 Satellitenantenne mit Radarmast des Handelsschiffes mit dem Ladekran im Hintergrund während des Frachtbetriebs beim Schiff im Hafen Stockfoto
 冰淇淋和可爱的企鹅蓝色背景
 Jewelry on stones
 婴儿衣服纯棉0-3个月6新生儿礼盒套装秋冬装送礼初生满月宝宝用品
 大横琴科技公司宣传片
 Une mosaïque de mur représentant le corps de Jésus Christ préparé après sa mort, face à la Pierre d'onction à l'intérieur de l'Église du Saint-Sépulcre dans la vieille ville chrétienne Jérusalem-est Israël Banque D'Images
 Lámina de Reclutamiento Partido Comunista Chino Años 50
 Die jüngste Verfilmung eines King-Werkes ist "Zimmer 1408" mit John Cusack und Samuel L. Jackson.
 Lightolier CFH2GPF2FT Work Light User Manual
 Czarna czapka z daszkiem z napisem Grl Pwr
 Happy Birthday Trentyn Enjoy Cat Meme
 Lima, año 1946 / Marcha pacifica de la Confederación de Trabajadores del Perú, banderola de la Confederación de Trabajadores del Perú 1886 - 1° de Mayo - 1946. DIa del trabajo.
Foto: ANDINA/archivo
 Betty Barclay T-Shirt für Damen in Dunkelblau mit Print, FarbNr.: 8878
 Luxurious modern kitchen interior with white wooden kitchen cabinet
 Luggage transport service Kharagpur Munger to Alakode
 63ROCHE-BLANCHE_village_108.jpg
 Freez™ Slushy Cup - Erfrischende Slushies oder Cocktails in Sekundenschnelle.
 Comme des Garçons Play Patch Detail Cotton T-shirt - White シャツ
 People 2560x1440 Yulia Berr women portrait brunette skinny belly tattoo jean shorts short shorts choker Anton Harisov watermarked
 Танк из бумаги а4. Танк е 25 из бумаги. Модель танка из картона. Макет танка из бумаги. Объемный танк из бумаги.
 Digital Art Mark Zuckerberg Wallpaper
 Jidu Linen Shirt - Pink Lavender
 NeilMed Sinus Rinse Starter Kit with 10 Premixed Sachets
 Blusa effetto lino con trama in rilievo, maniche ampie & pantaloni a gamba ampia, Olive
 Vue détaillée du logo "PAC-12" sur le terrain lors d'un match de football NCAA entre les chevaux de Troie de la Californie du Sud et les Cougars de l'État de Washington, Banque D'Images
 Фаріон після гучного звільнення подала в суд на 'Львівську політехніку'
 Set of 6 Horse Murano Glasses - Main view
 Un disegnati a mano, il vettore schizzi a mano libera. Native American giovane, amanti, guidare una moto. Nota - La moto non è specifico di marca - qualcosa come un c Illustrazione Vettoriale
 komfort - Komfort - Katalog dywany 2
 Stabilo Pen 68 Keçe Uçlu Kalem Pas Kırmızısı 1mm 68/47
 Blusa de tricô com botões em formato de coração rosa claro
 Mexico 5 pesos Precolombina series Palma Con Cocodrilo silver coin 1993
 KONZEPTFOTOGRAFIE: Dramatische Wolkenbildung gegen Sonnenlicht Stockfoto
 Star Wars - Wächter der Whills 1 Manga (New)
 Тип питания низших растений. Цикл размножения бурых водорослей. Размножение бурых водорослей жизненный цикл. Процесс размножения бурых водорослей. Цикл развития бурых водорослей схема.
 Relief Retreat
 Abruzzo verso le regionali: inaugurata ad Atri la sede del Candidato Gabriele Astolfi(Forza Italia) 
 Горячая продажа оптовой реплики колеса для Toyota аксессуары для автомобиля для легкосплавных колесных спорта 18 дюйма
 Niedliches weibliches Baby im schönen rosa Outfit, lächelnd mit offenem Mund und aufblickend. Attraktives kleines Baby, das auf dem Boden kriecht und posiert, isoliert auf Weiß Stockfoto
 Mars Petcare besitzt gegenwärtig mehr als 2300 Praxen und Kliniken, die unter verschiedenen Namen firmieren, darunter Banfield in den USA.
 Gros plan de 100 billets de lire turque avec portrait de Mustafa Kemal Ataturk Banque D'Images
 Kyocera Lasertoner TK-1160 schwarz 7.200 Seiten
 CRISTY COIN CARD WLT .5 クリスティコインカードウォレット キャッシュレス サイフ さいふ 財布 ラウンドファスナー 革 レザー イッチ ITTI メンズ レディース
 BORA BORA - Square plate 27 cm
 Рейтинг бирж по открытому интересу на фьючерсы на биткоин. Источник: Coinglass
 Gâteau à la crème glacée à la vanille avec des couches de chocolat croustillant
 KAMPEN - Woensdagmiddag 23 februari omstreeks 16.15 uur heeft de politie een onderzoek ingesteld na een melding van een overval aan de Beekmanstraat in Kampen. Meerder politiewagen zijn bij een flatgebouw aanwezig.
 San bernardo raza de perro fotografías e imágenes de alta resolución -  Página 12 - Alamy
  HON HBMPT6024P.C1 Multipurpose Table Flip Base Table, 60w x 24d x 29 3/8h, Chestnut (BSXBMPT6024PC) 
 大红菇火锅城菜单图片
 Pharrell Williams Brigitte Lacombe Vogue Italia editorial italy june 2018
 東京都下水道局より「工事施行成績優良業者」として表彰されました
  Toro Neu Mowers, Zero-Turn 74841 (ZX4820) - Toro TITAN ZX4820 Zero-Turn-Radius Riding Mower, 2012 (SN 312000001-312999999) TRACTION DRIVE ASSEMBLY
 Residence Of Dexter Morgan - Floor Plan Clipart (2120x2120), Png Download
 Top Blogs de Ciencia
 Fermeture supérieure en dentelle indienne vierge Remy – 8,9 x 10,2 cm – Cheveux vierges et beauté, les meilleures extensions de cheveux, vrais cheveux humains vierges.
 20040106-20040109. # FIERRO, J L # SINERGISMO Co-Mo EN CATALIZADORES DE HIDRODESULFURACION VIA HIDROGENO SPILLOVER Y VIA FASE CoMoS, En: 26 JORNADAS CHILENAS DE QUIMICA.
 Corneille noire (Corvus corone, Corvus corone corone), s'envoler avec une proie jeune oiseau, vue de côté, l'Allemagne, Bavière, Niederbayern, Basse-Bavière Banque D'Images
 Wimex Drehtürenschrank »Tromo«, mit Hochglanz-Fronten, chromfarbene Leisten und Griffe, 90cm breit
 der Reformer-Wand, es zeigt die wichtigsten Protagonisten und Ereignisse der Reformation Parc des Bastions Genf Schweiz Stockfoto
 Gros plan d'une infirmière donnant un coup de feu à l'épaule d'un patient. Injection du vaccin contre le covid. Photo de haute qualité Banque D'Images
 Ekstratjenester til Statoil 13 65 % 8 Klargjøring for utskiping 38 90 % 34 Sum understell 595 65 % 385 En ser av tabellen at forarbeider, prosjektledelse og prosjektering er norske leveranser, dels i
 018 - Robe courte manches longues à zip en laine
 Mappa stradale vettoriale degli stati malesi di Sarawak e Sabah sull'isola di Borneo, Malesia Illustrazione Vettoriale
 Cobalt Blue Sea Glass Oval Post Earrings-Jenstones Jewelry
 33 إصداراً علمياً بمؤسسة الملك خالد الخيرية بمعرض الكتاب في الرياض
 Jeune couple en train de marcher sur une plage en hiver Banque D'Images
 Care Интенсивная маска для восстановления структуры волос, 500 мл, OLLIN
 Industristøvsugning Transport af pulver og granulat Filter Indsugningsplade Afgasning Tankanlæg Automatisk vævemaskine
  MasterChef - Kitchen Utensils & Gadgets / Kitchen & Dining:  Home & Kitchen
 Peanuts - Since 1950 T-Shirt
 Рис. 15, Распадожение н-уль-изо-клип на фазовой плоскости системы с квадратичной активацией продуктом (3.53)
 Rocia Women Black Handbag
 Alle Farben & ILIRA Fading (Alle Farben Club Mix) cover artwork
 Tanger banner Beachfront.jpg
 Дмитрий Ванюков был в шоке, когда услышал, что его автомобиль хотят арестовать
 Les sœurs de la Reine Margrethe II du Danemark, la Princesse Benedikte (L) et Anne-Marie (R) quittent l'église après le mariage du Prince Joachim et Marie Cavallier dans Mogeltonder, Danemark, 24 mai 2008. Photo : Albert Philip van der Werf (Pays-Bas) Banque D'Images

________________

ABOUT THIS TASK
Whatever else the listing above holds, retype exactly only the lines from the one containing "Тип питания низших" to the one containing "Niedliches weibliches Baby", both ends kept.

OUTPUT BELOW
 Тип питания низших растений. Цикл размножения бурых водорослей. Размножение бурых водорослей жизненный цикл. Процесс размножения бурых водорослей. Цикл развития бурых водорослей схема.
 Relief Retreat
 Abruzzo verso le regionali: inaugurata ad Atri la sede del Candidato Gabriele Astolfi(Forza Italia) 
 Горячая продажа оптовой реплики колеса для Toyota аксессуары для автомобиля для легкосплавных колесных спорта 18 дюйма
 Niedliches weibliches Baby im schönen rosa Outfit, lächelnd mit offenem Mund und aufblickend. Attraktives kleines Baby, das auf dem Boden kriecht und posiert, isoliert auf Weiß Stockfoto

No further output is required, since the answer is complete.